I feel great about it. Whether I get a negative diagnosis or positive diagnosis, at the end of it, I feel happy that I screened, I help, and those who get a positive diagnosis and I’m able to get them a better quality of sleep. And I’m thinking, wow, I just might have added 10 years. Quality is this patient’s life that makes me feel so good.

And so again, the whole follow up thing. I’ll tell you another story. Ricky, one of the dentists, one of the good buddies, he came to me because he won’t mind me saying this ’cause he was gonna post a video on Instagram about it. So I don’t think he’ll mind saying this Snoring, snoring is an issue. Okay? So he gets the elbow in the rib, right?

So he said, Jaz, you gotta help me, you gotta save my marriage, et cetera, et cetera. Okay? So he comes to see me, I’m make a typical dentist. I listen, just skip the tea sleep test. Just sort me out mate. Okay? All like, fine, let’s just quickly do a mandibular advance splint. I think for him, I made a ProSomnus.

And the cool thing is literally the next day, right, he sends me a screenshot from his phone. ‘Cause what I love nowadays, everyone’s got Apple watch, right? And so he send me a photo. Well done, or congrats. Your blood oxygen was 4% higher than ever recorded before last night. 

[Max]
Good stuff, man. In action.

[Jaz]
More importantly, I did save his marriage. 

[Max]
Yeah. Nice. Yeah, yeah. Like we honestly see patients in clinic who say, well, I haven’t been able to share a bed for the last 30 years. And if you are in a position to fix that and see them, you’re right about our follow up situation. It is a bit awkward.
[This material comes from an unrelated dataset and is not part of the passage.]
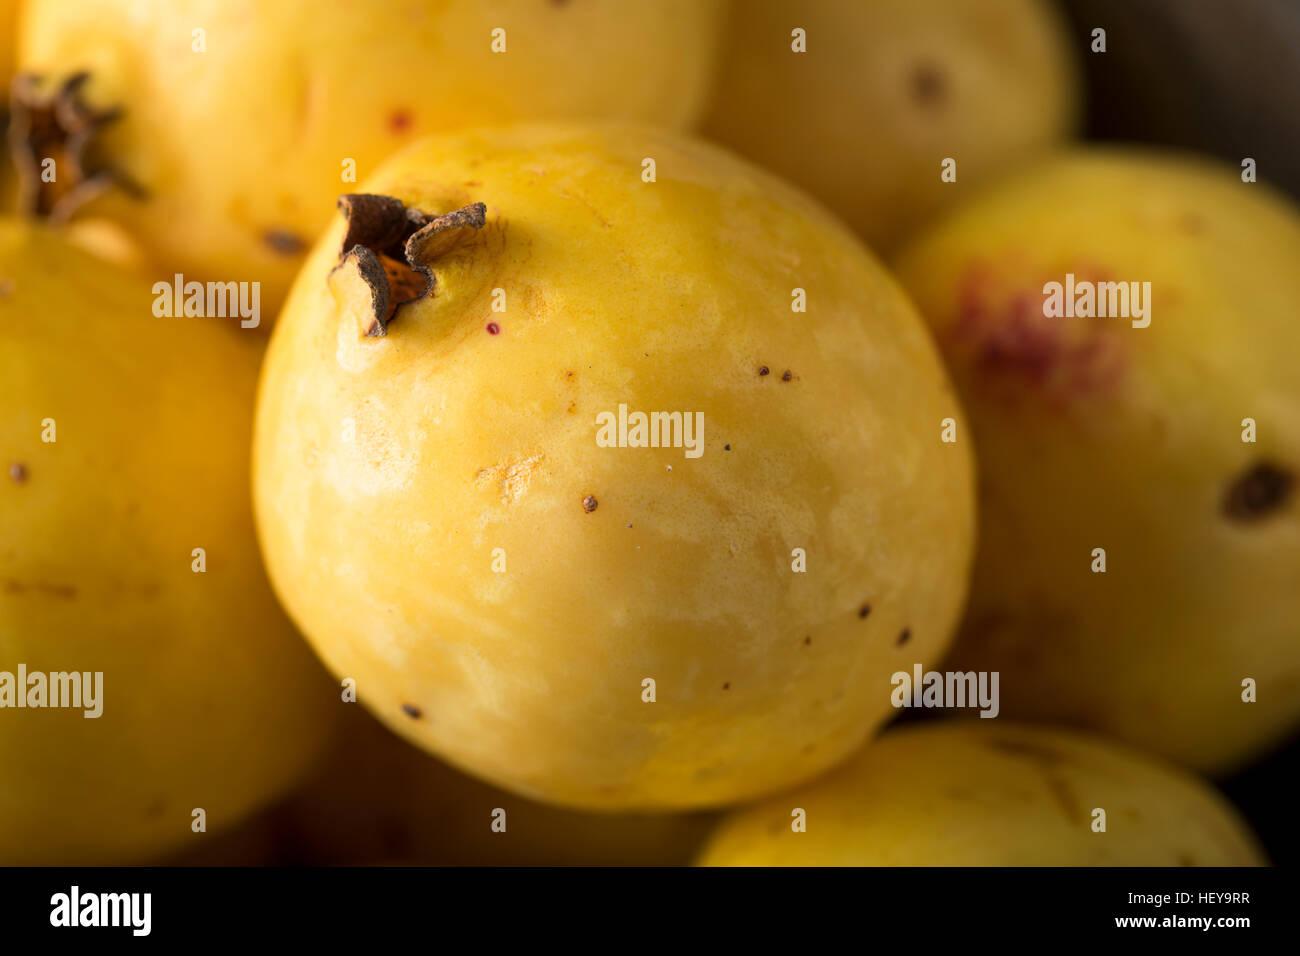 Rawanic Yellow Guava Fruit Ready To Eat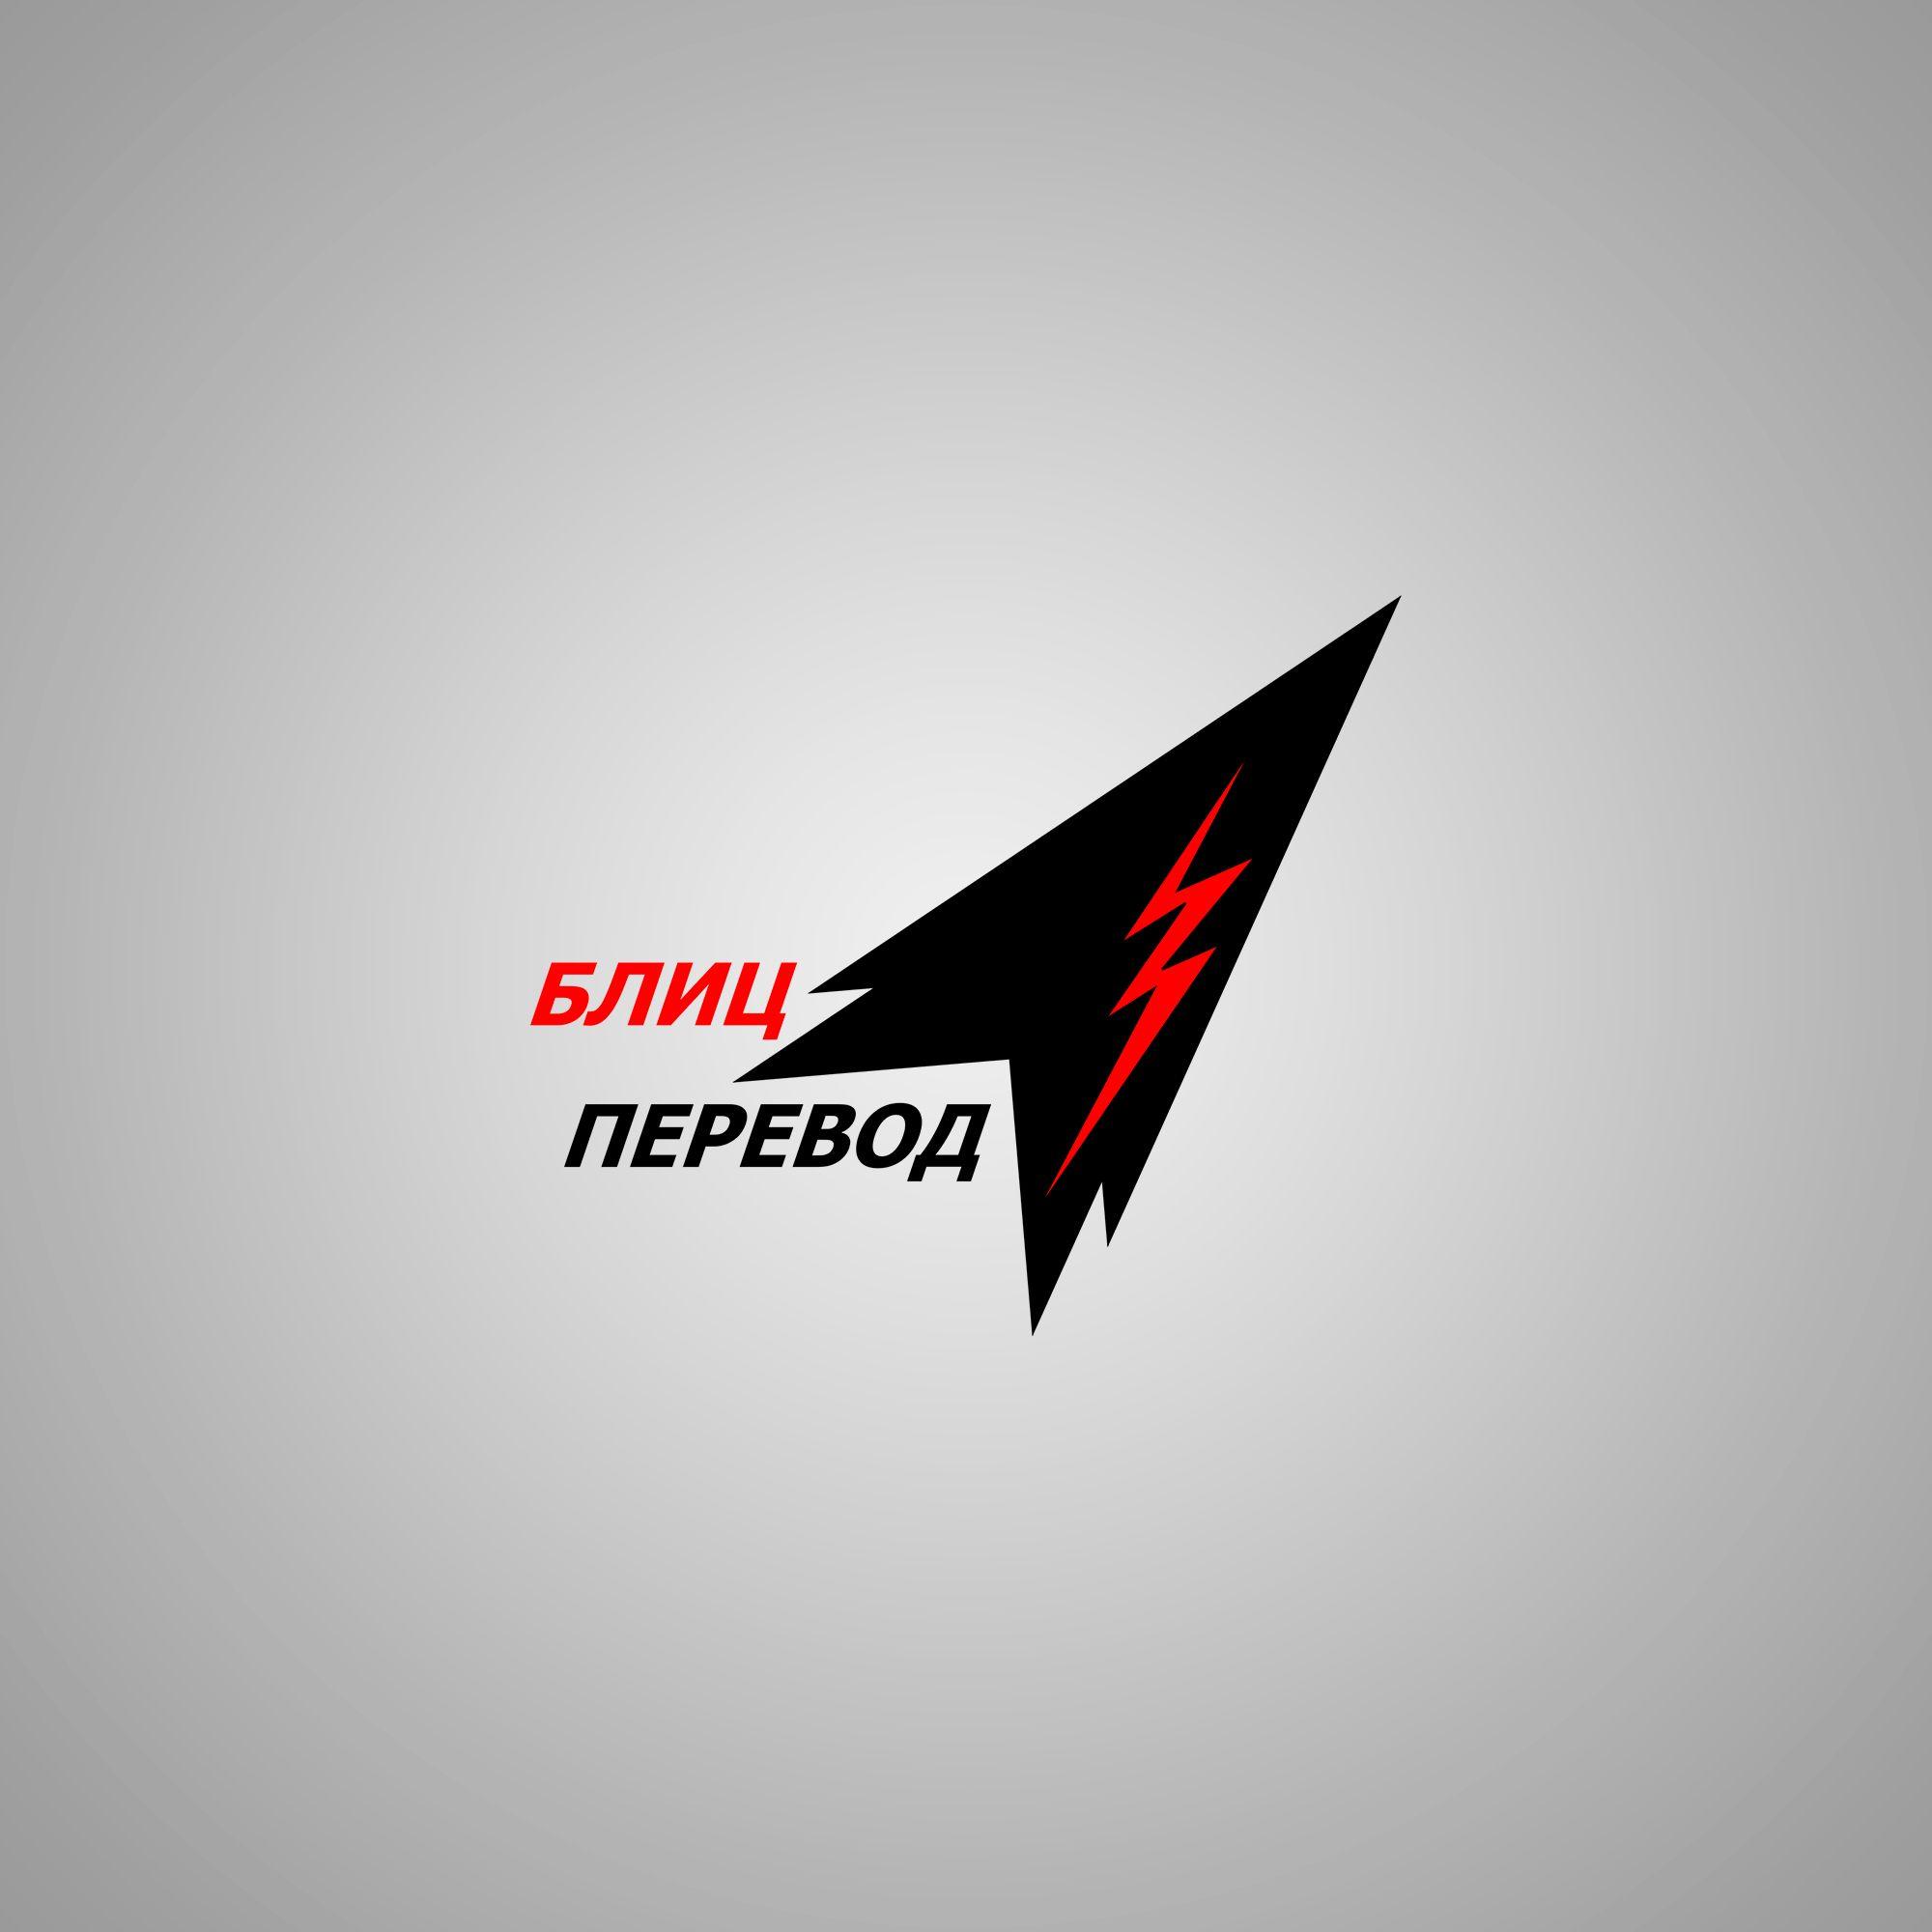 Логотип для бюро переводов

We would like to be able to see every patient every year as a minimum. We try and follow people up after we set them up on treatment, but trying to get patients back in year on, year out with the fact that once patients get on our list. They never go off. I suppose that’s true of dentists as well, actually.

I’ve never really thought about that outside of sleep apnea services. But our services grow and grow and grow and grow and grow. And if healthcare leaders don’t allow us to add more staff, we have to either get AI to do some of the work, but we already know how that’s gonna go or, we have to be a bit more efficient in how we see them.

[Jaz]
So I just wanted to share those stories obviously, of patients and how we get to follow up. But again, there are lots of resources out there, like for example, indices or tests or screenings that we can do. So STOP-Bang, Epworth Sleepiness Scale, but for the general dentist who’s busy, like, but we also care about implementing this into our into actual service and care.

Yes. You said the clinical exam, Mallampati, and then talking about are they sleeping in the waiting room? Ask ’em about their sleep quality. Are they a sleepy person? Do they wake up refreshed? All these questions are important, but where can we find some structure? Where can we find checklist? So yes, STOP-Bang is one, is that highly rated?

[Max]
I think STOP-Bang is the best for identifying the risk of sleep apnea. Epworth is more about having a quantitative measure of how sleepy they are during the day, and it’s important if you think you’re diagnosing, obstruct sleep apnea, to ask the Epworth, you need this quantitative assessment because this conversation that then happens later on around driving and sleepiness the DVLA.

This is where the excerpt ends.